My friends grandparents are selling there home, on the left exterior wall is 2 kitchens, one on top of the other, which are wet vented. All the other plumbing is in the right side of the house. I have now snaked the drain out twice( in the basement) and its backed up for the third time now. Since the house is vacant no one is using anything. It's abs, house is 30 years old. Only thing the sink is being used for is rinsing out cleaning supplies before the house is sold. 

My guess is that the drain is back grading in the ground. Looking for some input on what you guys might think it is.


thx


----------



## gear junkie (Jun 20, 2008)

What are you using to clear the line?


----------



## rocksteady (Oct 8, 2008)

I'm thinking it might be jetter-time.








Paul


----------



## user2090 (Sep 26, 2009)

Is there a history of this drain backing up? Is the drain backing up under ground? What are you using, how far are you running it? What has been pulled out before, do you know what is material is causing a back up?


----------



## Will (Jun 6, 2010)

http://www.liquidplumr.com/faq.php?gclid=CNqIrNX4hagCFQjs7QodDiKyqQ

I haven't ran a machine in years:thumbsup:


----------



## Will (Jun 6, 2010)

http://www.suite101.com/content/clear-clogged-drain-with-tide-detergent-a142438

Or that:thumbup:


----------



## Will (Jun 6, 2010)

Serious note try a cutter head like this, if it's grease it will take a while but you should be able to clear it. Finish it off with a u cutter to scape the walls. 

Amazon.com: Ridgid/Kollmann 63195 T-6 Grease Cutter Cutter Heads: Home Improvement

If that doesn't work bust out the jackhammer.....


----------



## rocksteady (Oct 8, 2008)

Paul


----------



## Cal (Jun 17, 2008)

Sounds like it might be broke in the ground


----------



## AKdaplumba (Jan 12, 2010)

I used a a 3/8 snake both times plus zonk, half the bottle of it the second time.
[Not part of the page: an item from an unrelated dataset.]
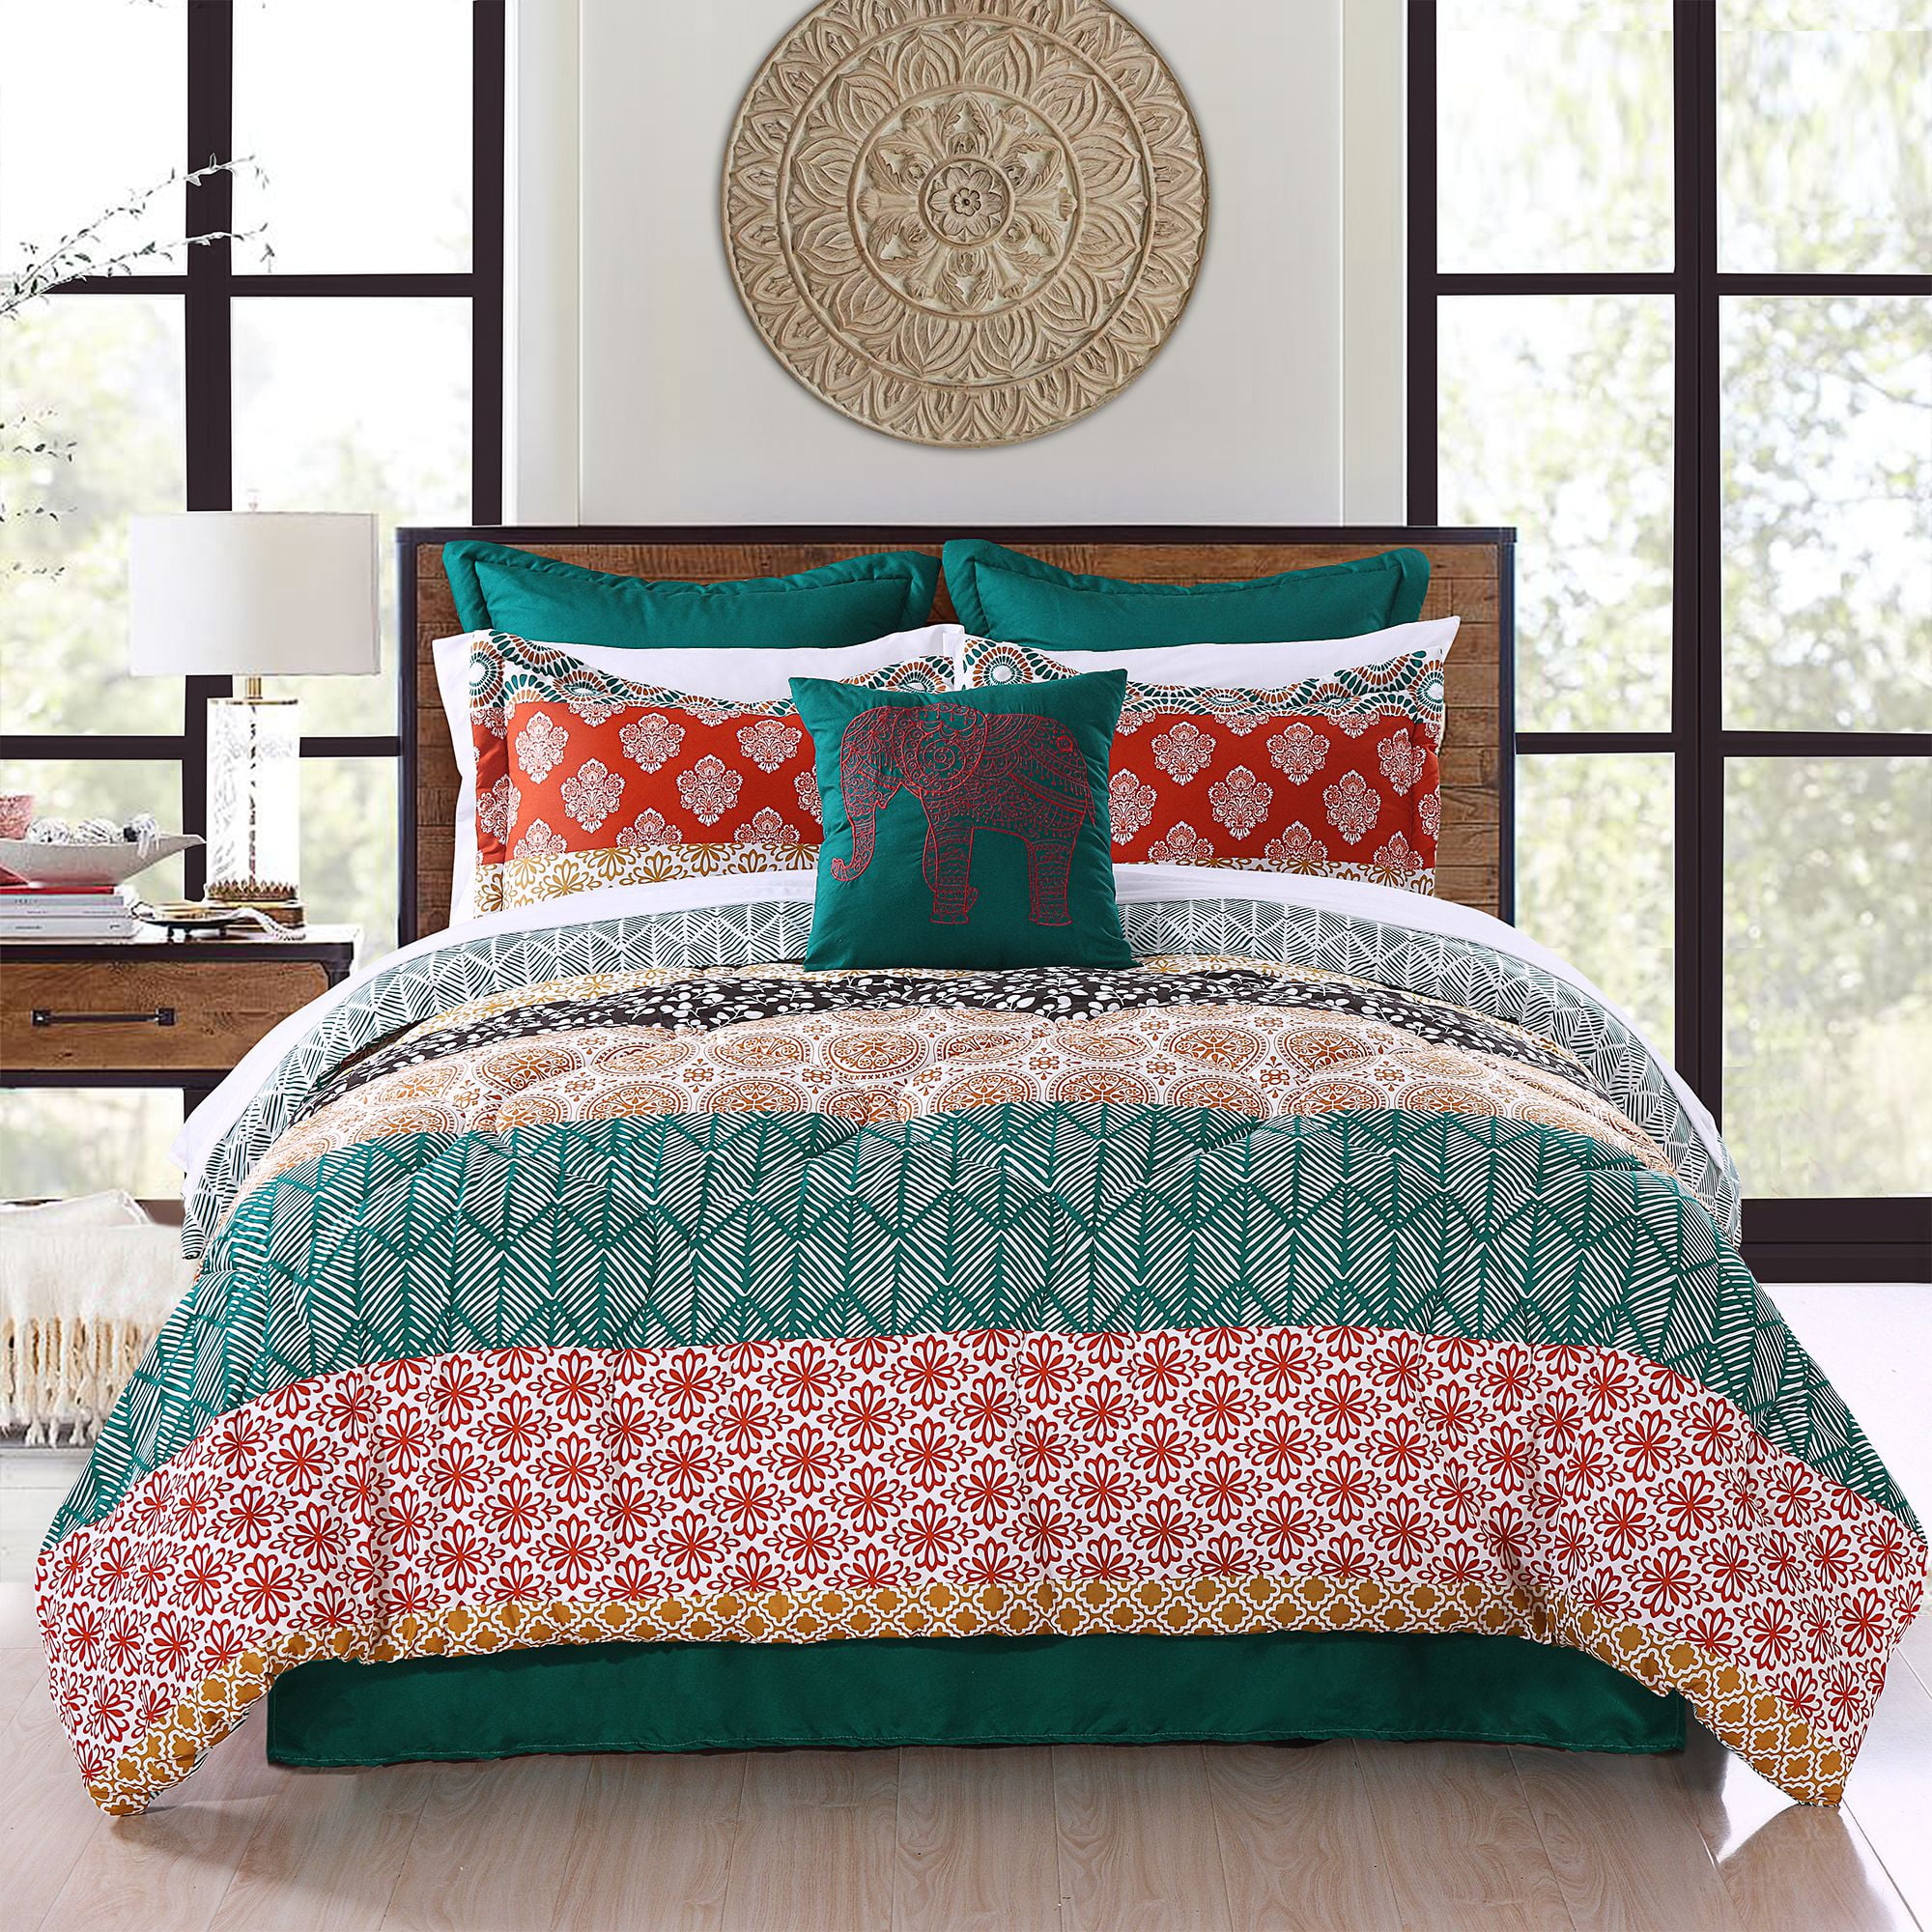 5 Pc Boho Reversible Quilt Set Colorful Bedroom Bed Decor Pillow Full Queen King

I ran it the whole 30 ft.


----------



## breid1903 (Feb 8, 2009)

*ak*

how far to the other side of house. i'll bet it's more than 30'. i use 5/16" x 50' and that is just barely enough, sometimes. been thinking about some 5/8" cable for my 60. i probably still be thinking when i die. lol. i don't want to poke a dog with a sharp stick but have you tried a water ram? it's worked for me with drum traps a few times. breid................:rockon:


----------